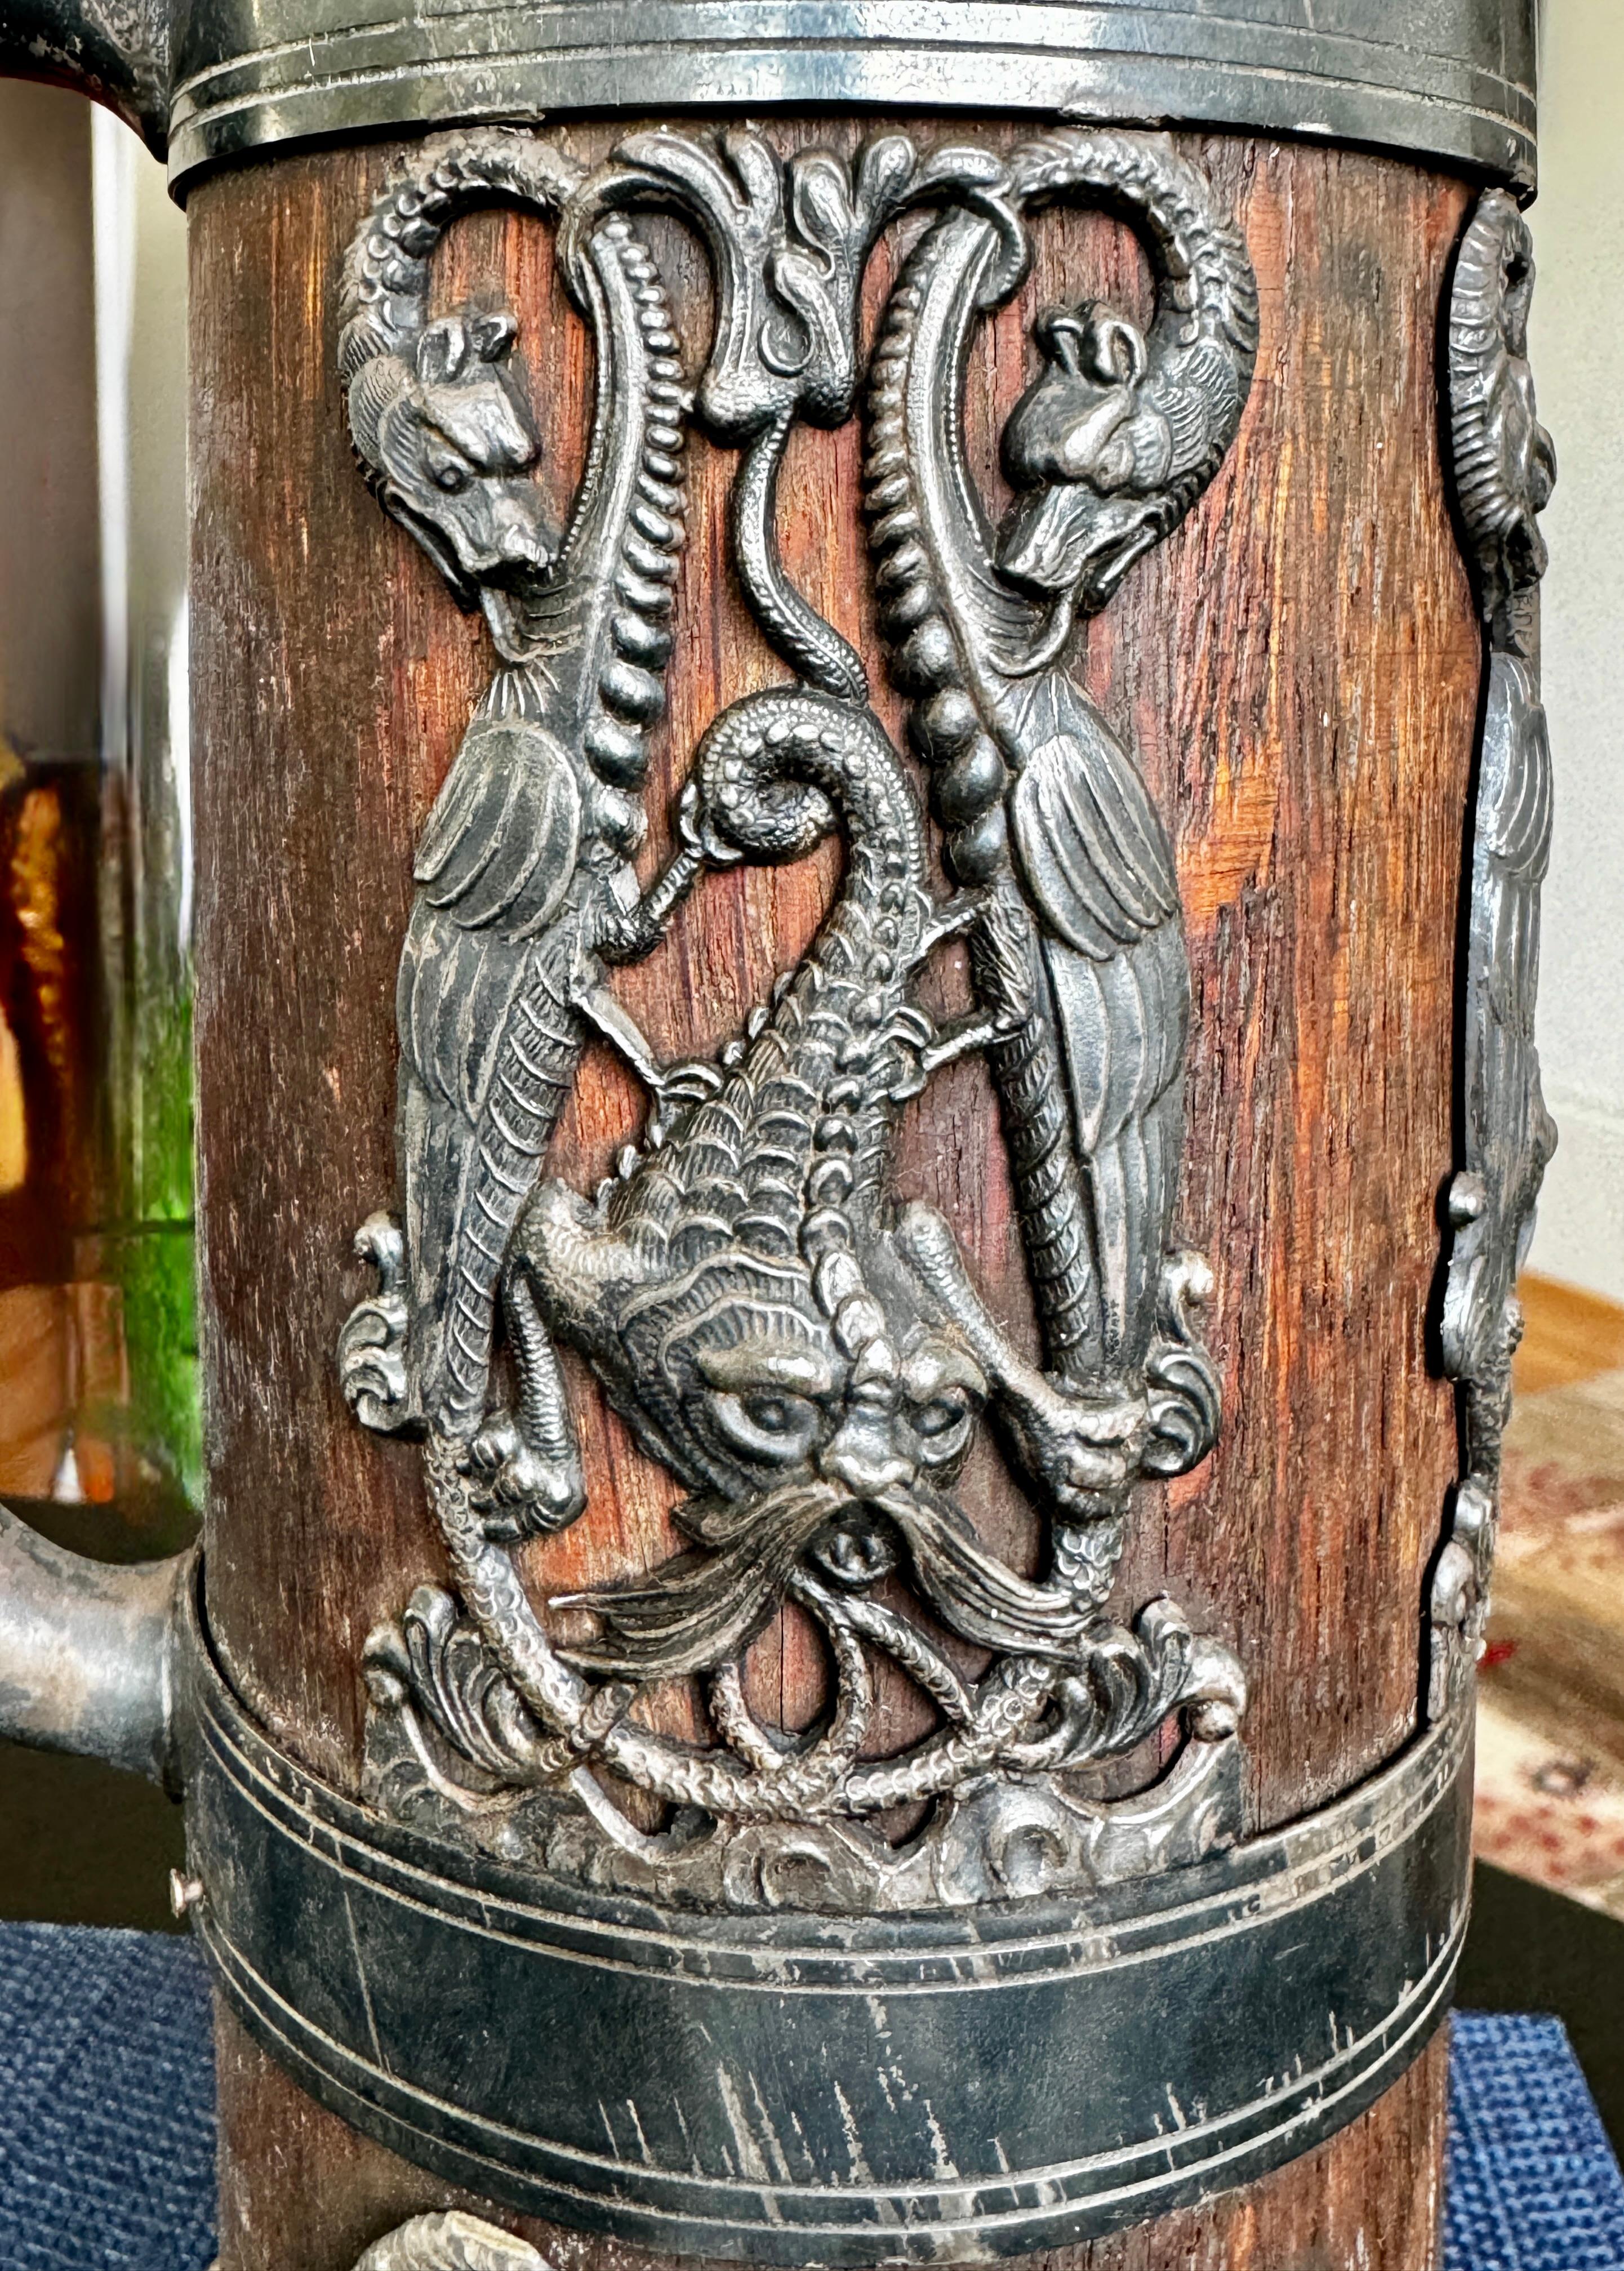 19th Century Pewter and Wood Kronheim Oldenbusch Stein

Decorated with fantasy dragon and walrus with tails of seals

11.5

|---|

§ Exercise aim
Reproduce the material word for word, pictures excluded.

§ Response to this task
 19th Century Pewter and Wood Kronheim Oldenbusch Stein

Decorated with fantasy dragon and walrus with tails of seals

11.5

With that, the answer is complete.